Data shown:
○ ○ ○

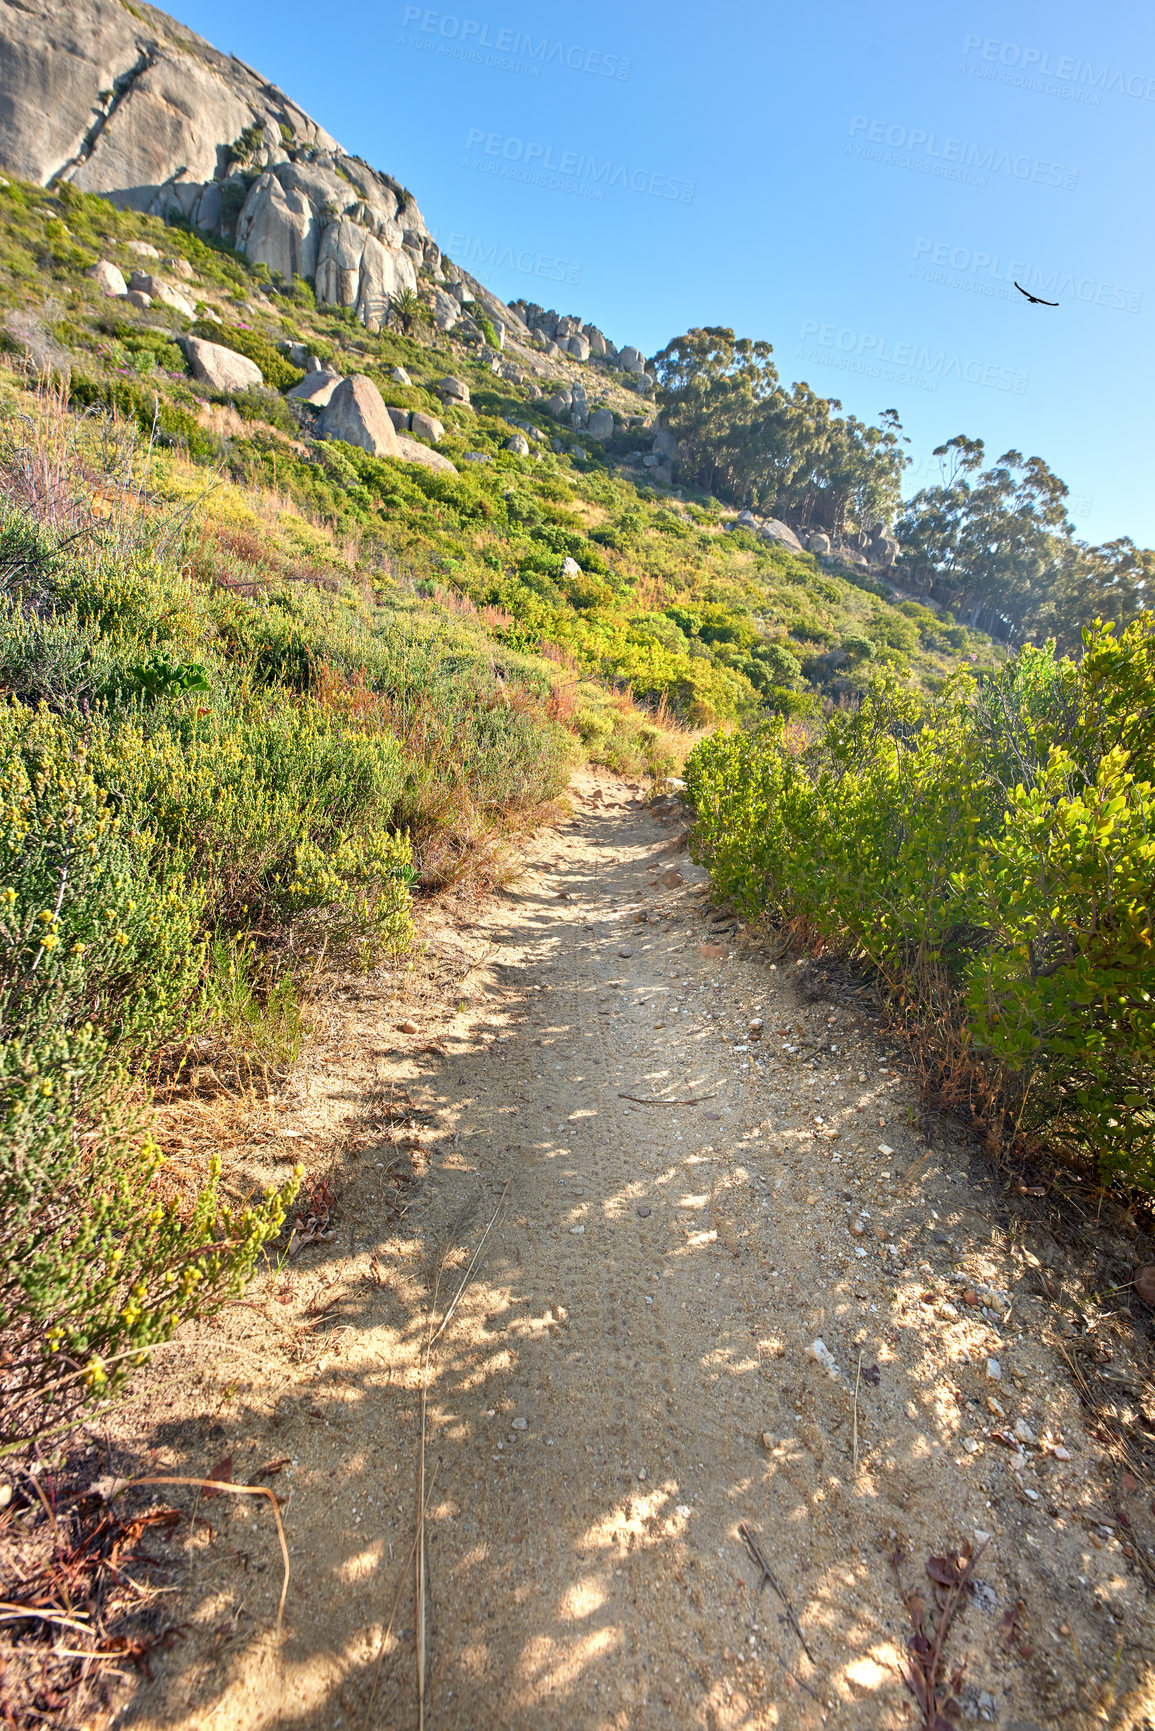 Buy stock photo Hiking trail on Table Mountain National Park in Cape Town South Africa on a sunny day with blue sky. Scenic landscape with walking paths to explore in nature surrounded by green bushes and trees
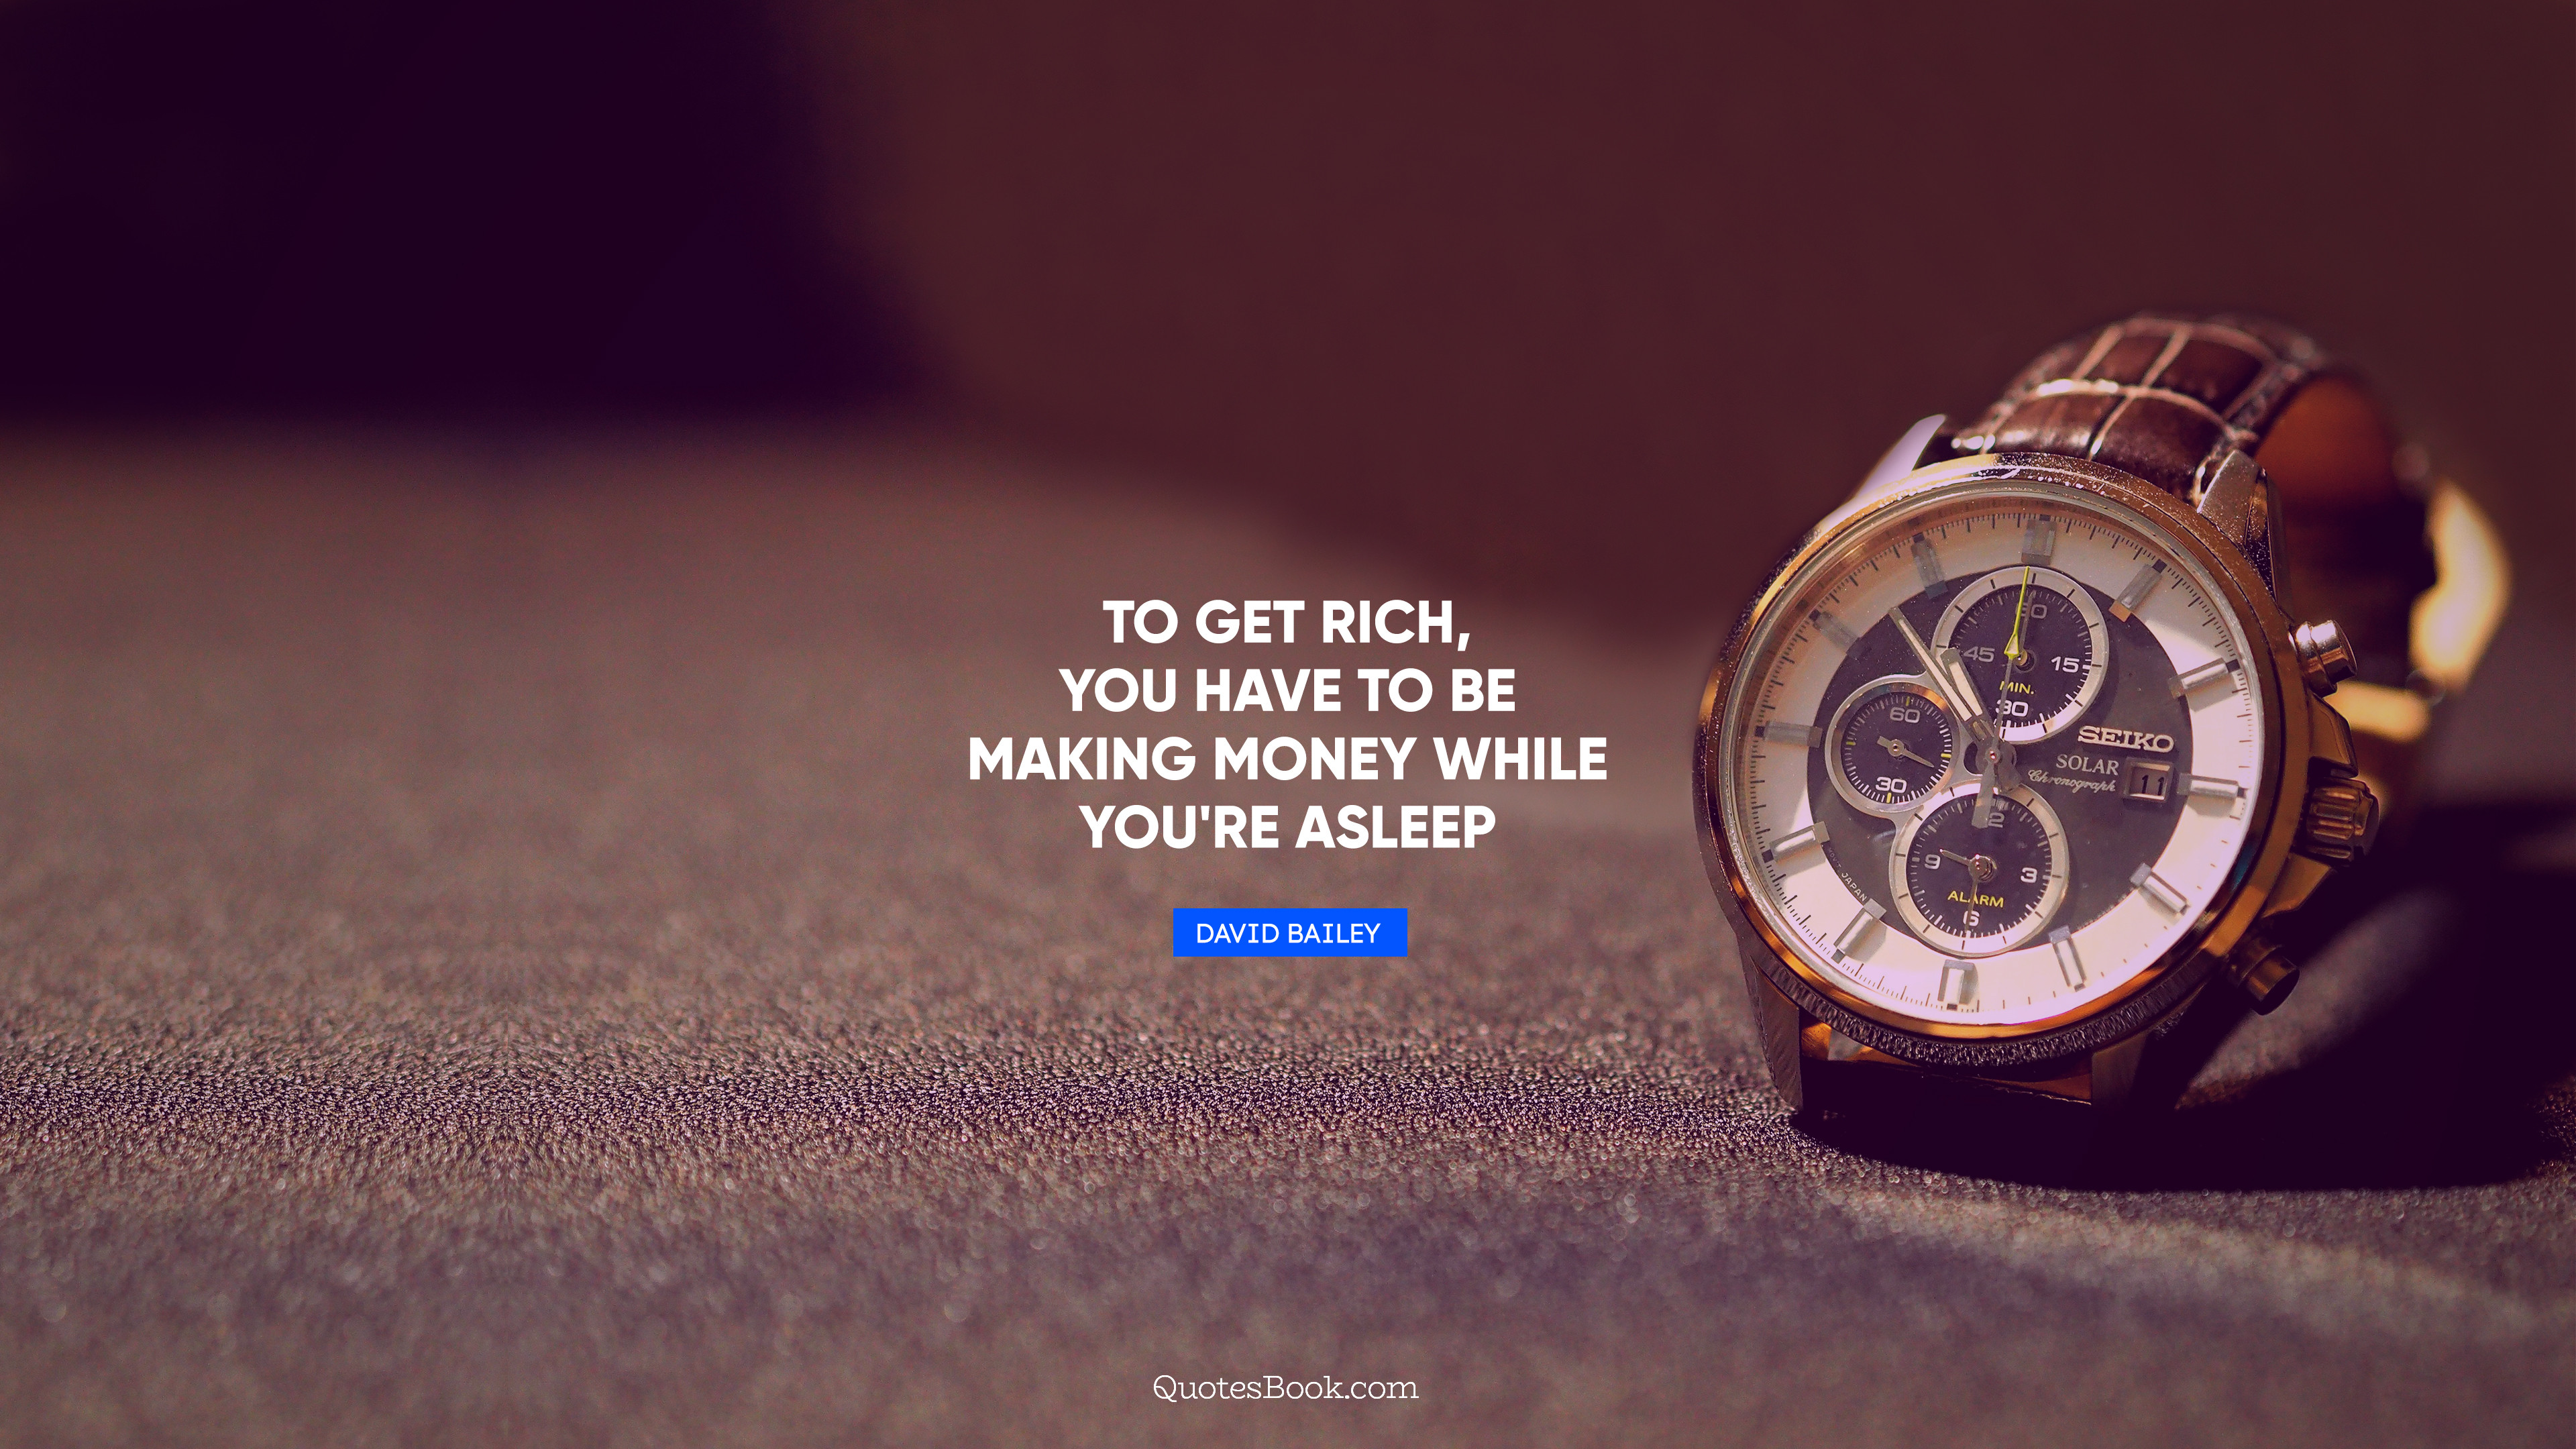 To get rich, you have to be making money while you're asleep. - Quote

○ ○ ○

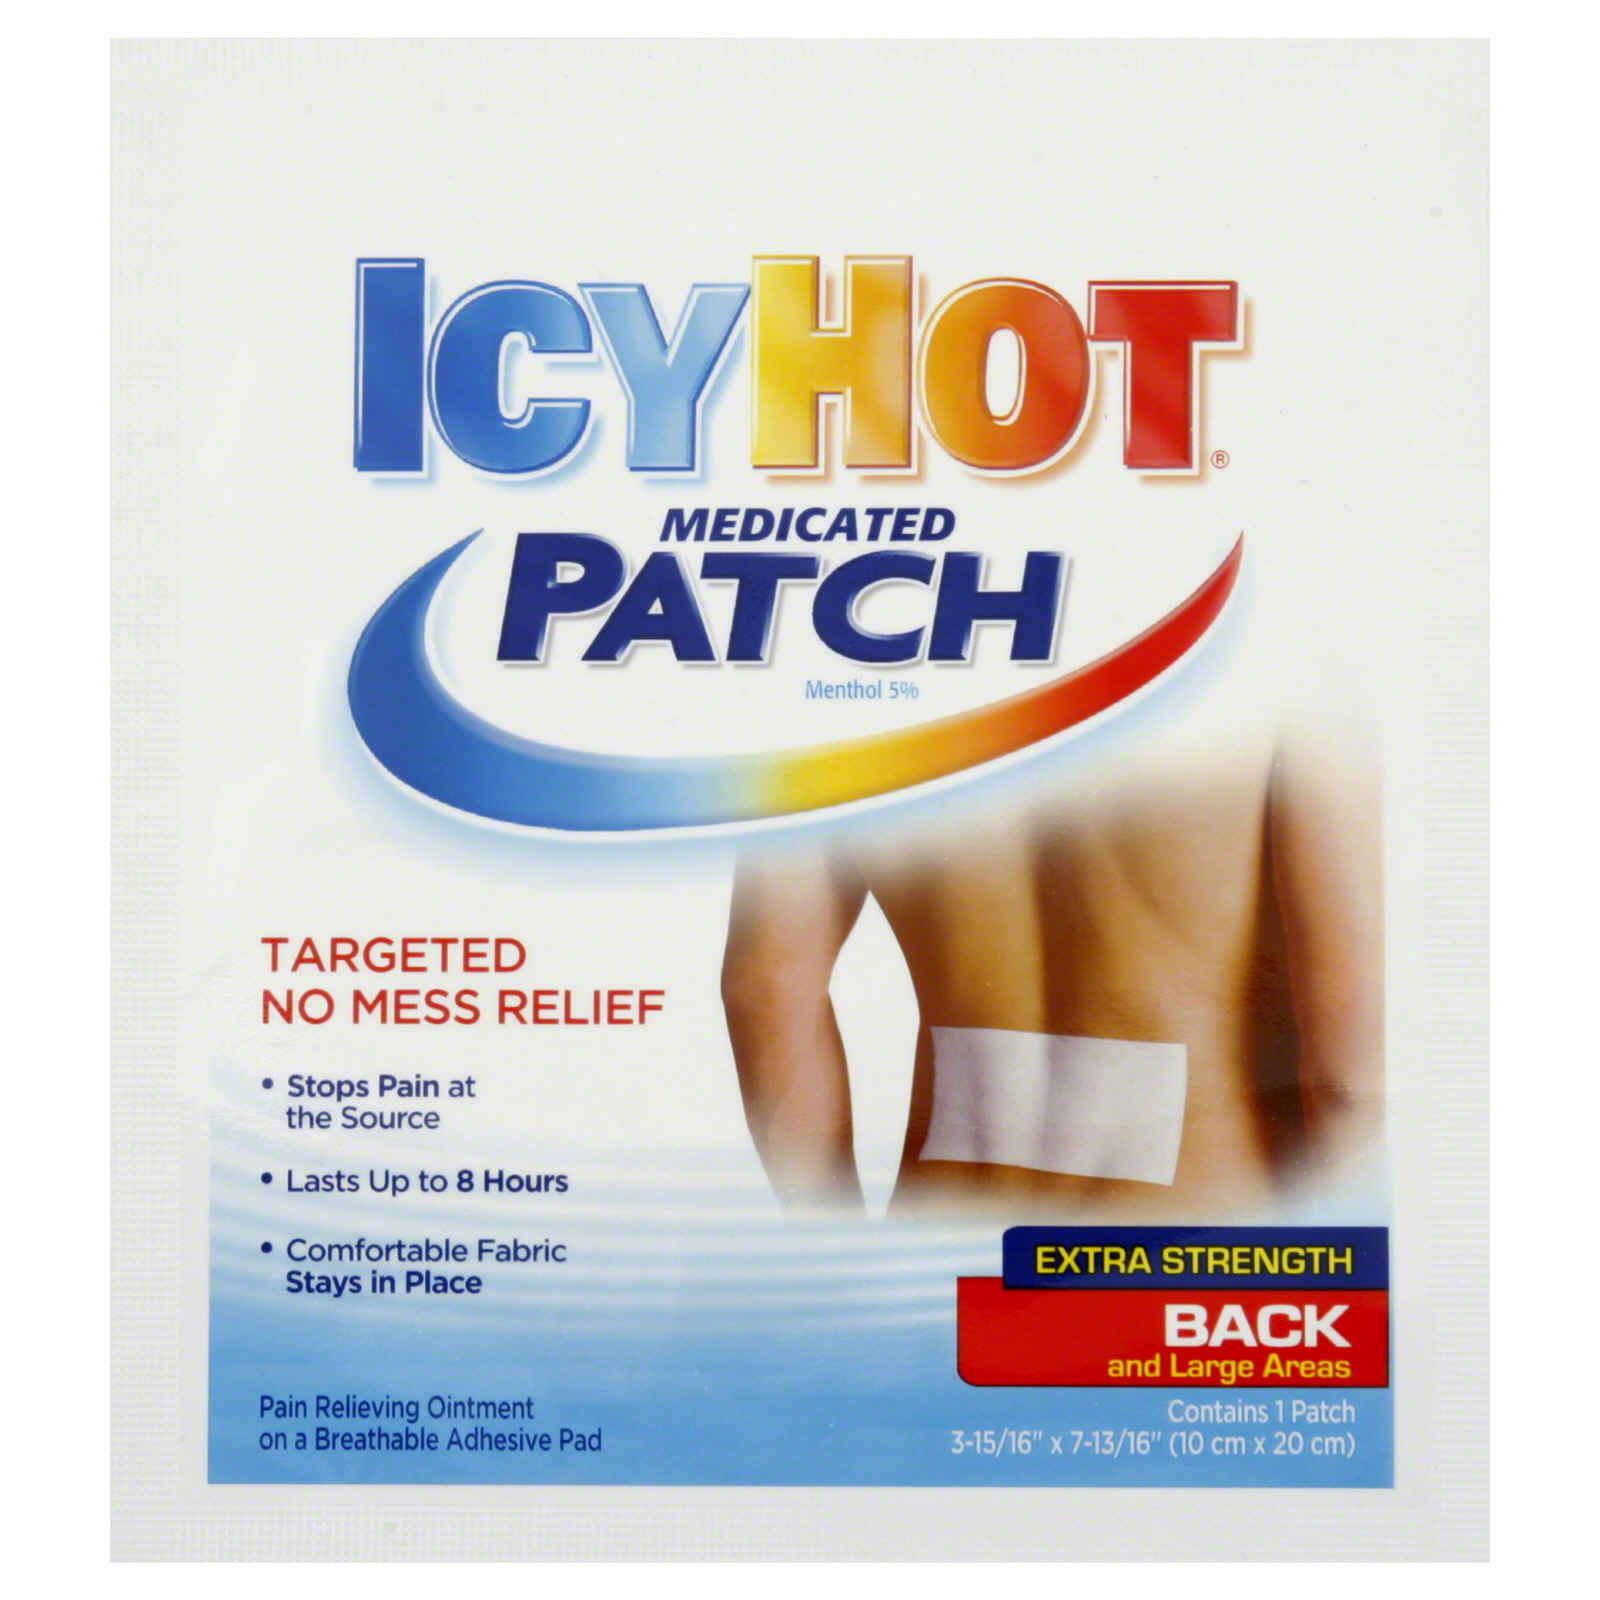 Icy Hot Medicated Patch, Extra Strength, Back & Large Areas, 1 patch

○ ○ ○

What the exercise asks:
Start with the line with "Buy stock photo" in the listing above and stop after the line with "To get rich, you". Write out exactly the lines in that stretch and no others, without pictures.

Your solution:
 Buy stock photo Hiking trail on Table Mountain National Park in Cape Town South Africa on a sunny day with blue sky. Scenic landscape with walking paths to explore in nature surrounded by green bushes and trees
 To get rich, you have to be making money while you're asleep. - Quote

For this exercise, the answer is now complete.